§ Your objective
Every line of the material below needs to be copied exactly; omit the pictures.

§ Recorded information

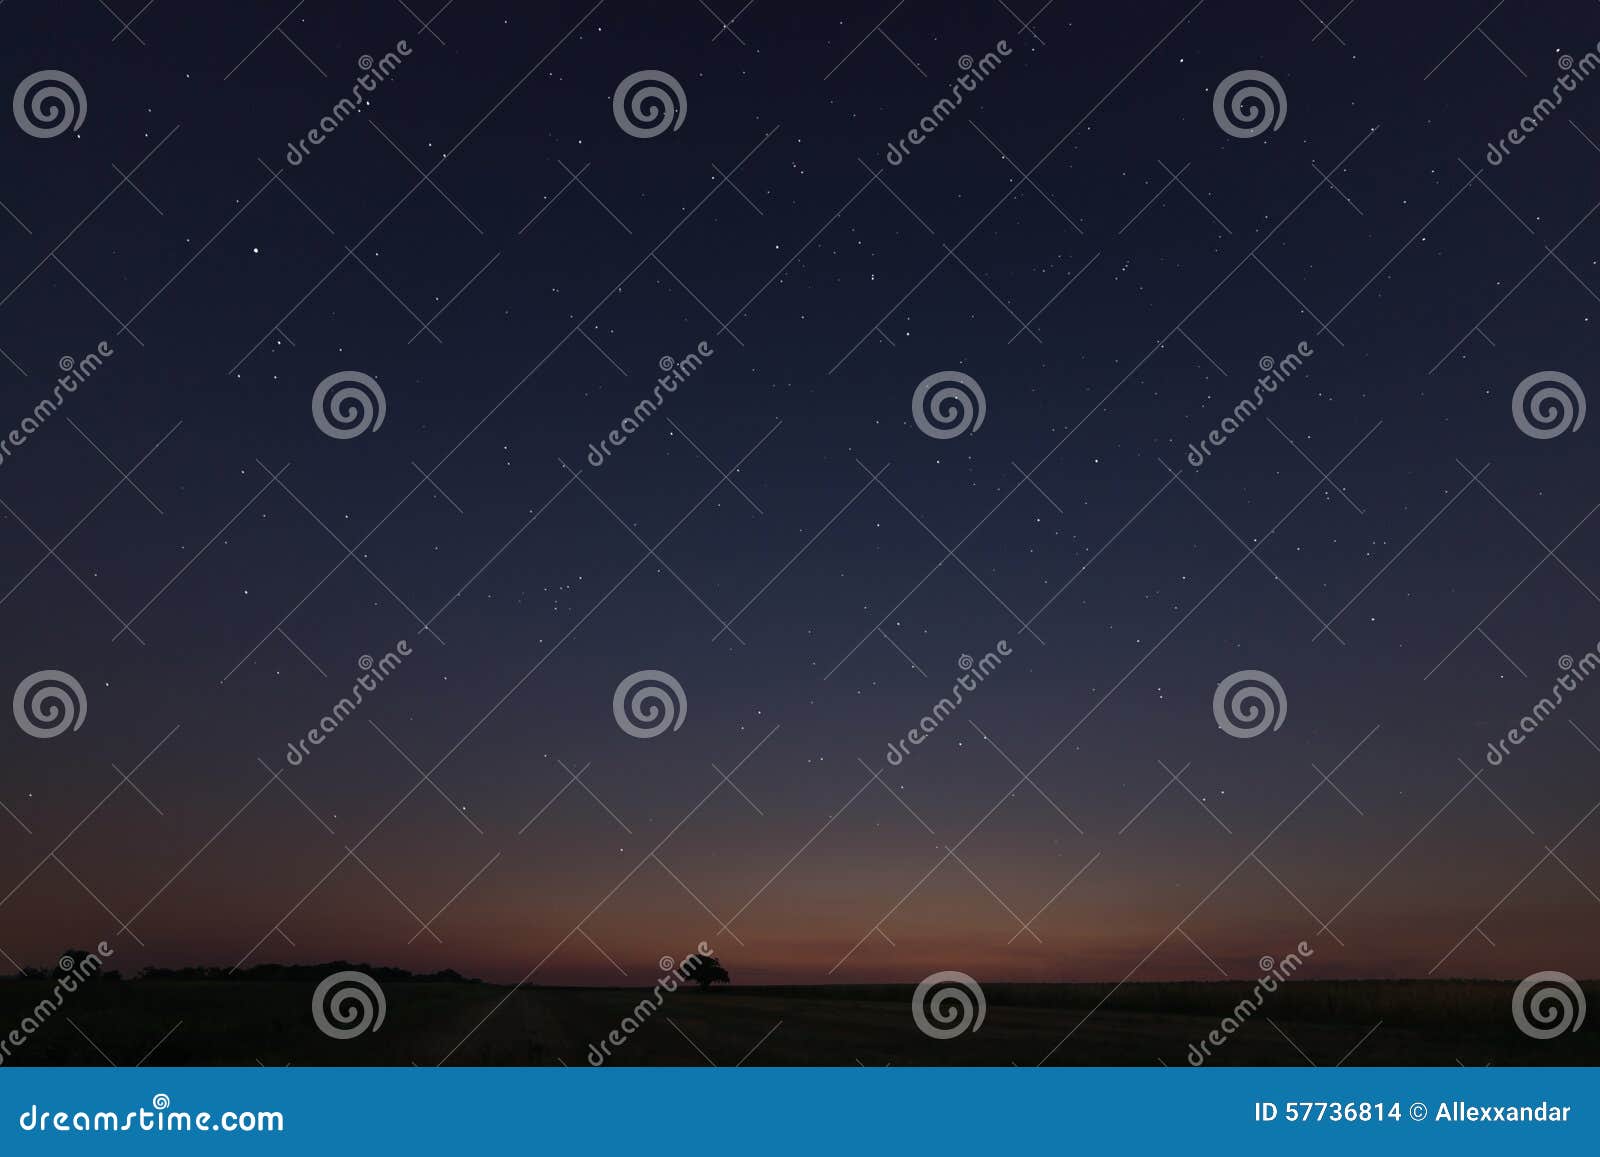 beautiful star field at sunset
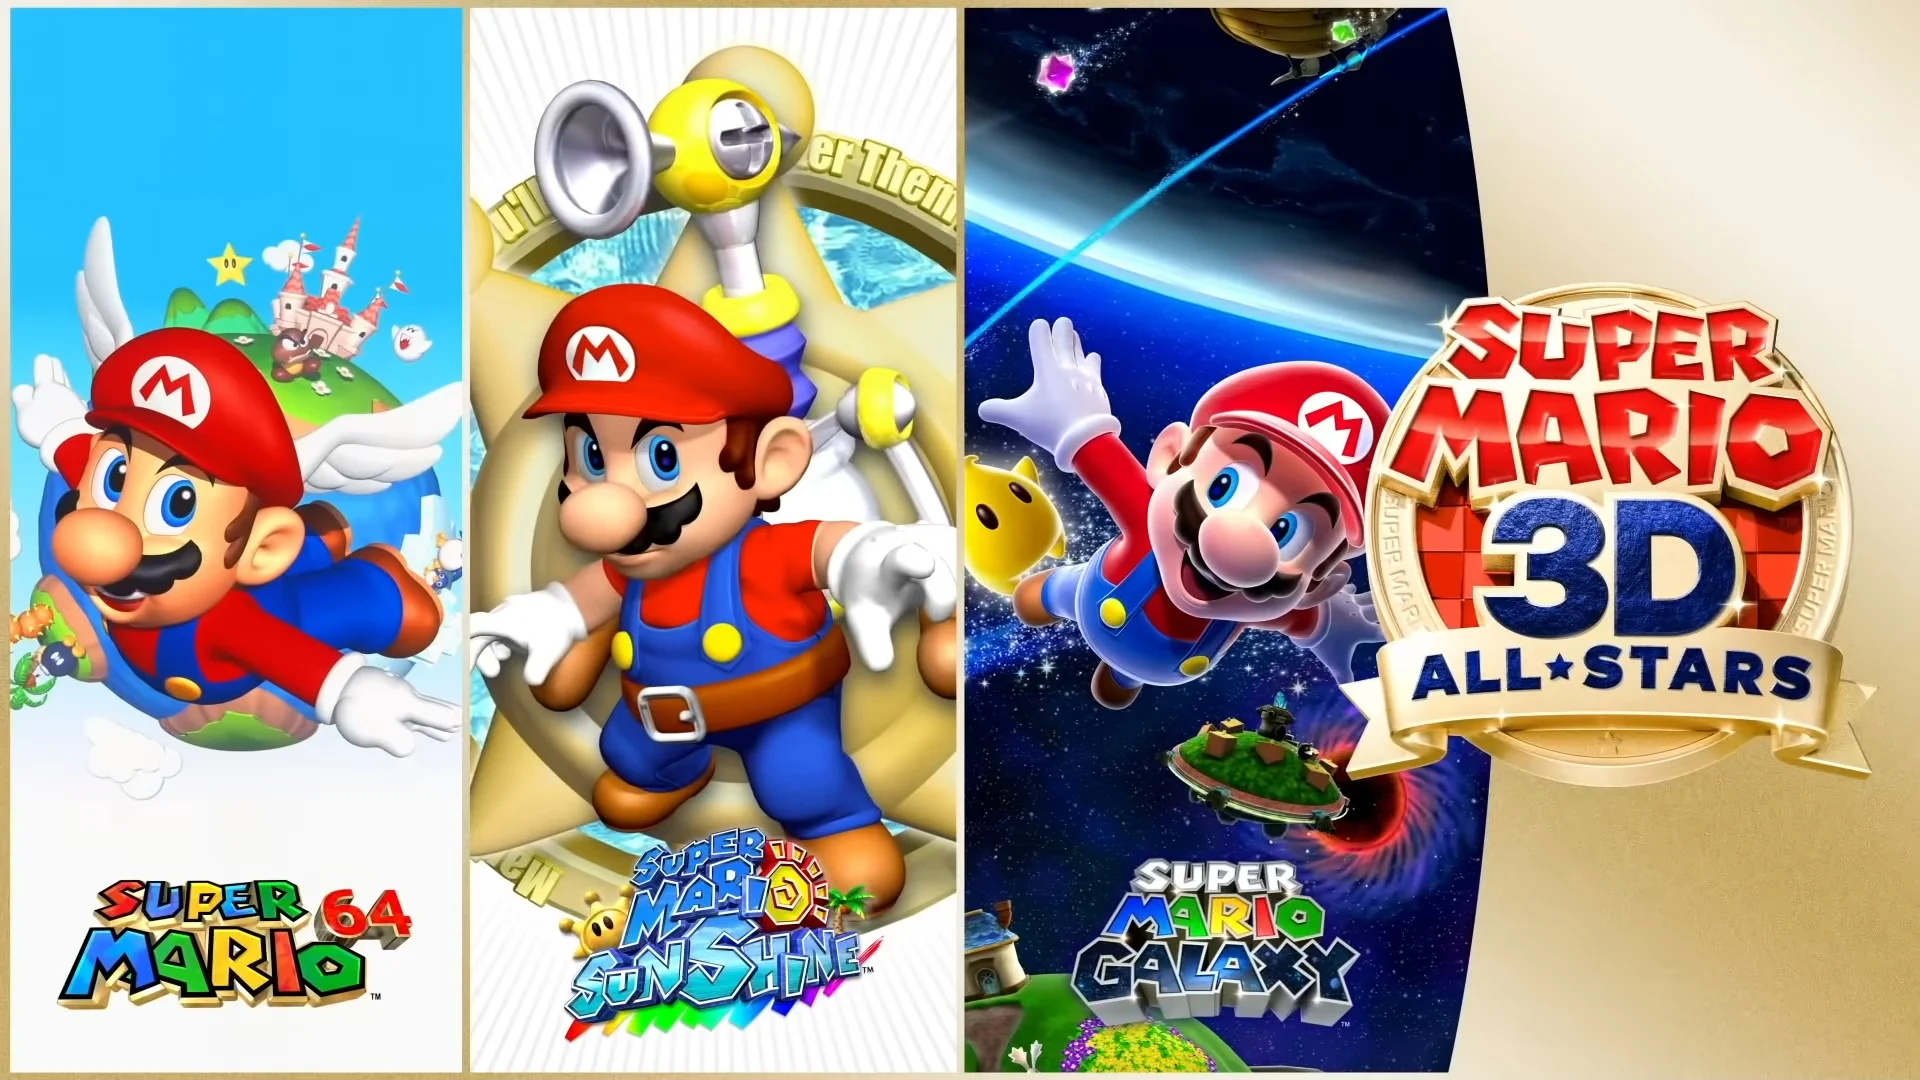 premie analyseren Lijkenhuis Super Mario 3D All-Stars leaks in full online days before release,  confirmed to use emulation - NotebookCheck.net News
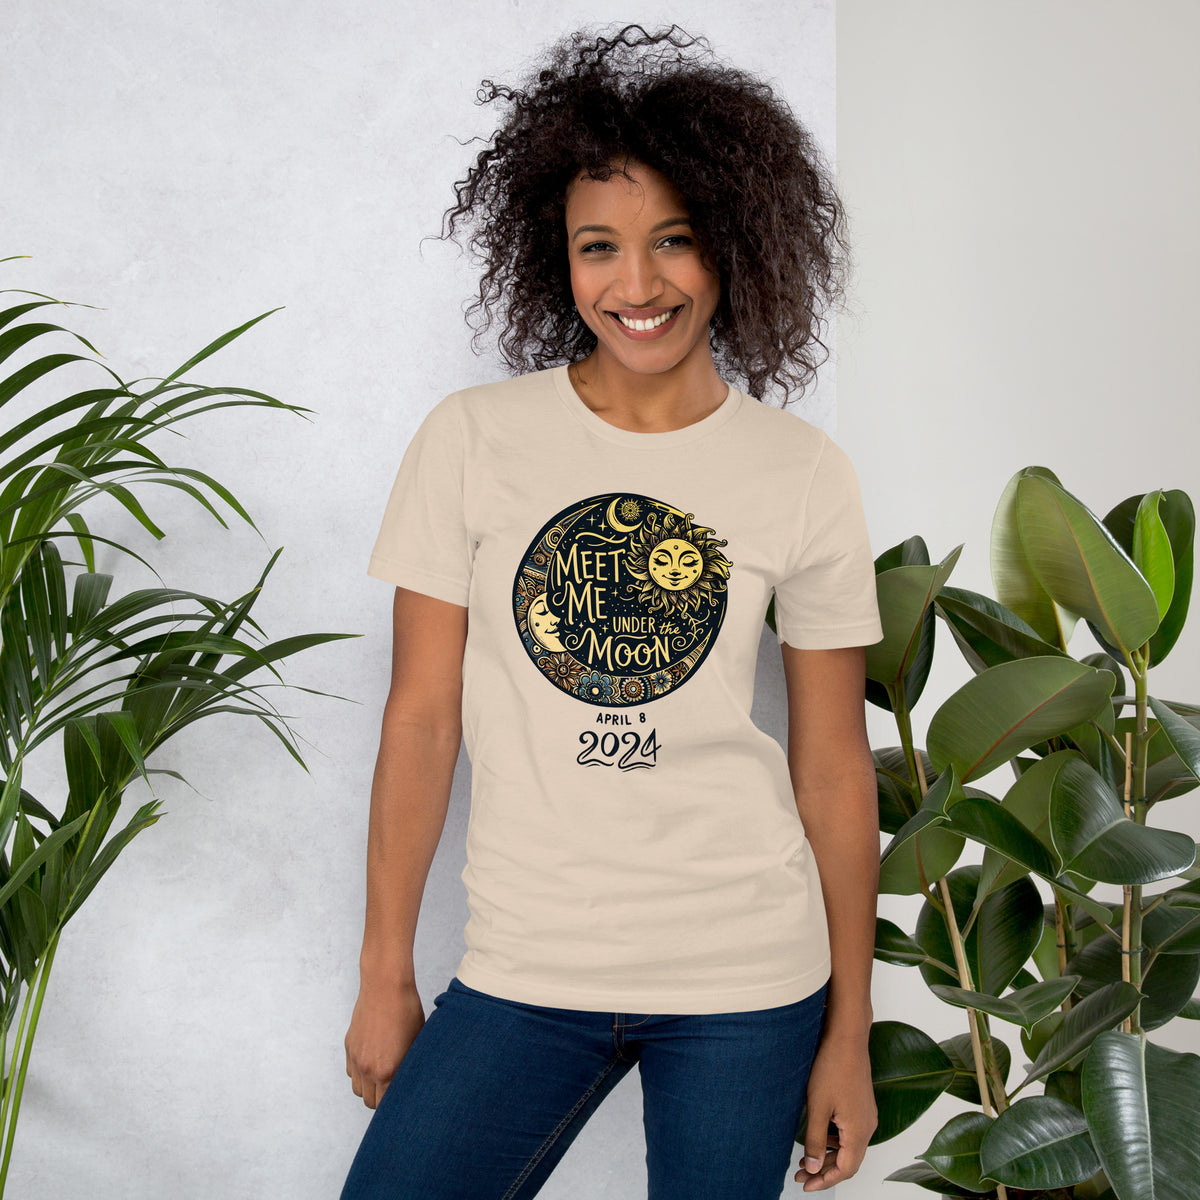 2024 Solar Eclipse Tee: Boho Celestial Event Shirt - Meet Me Under The Moon, Ideal Astrology & Moon Lovers Gift

§ Output for this task
 beautiful star field at sunset
 premie analyseren Lijkenhuis Super Mario 3D All-Stars leaks in full online days before release,  confirmed to use emulation - NotebookCheck.net News
 2024 Solar Eclipse Tee: Boho Celestial Event Shirt - Meet Me Under The Moon, Ideal Astrology & Moon Lovers Gift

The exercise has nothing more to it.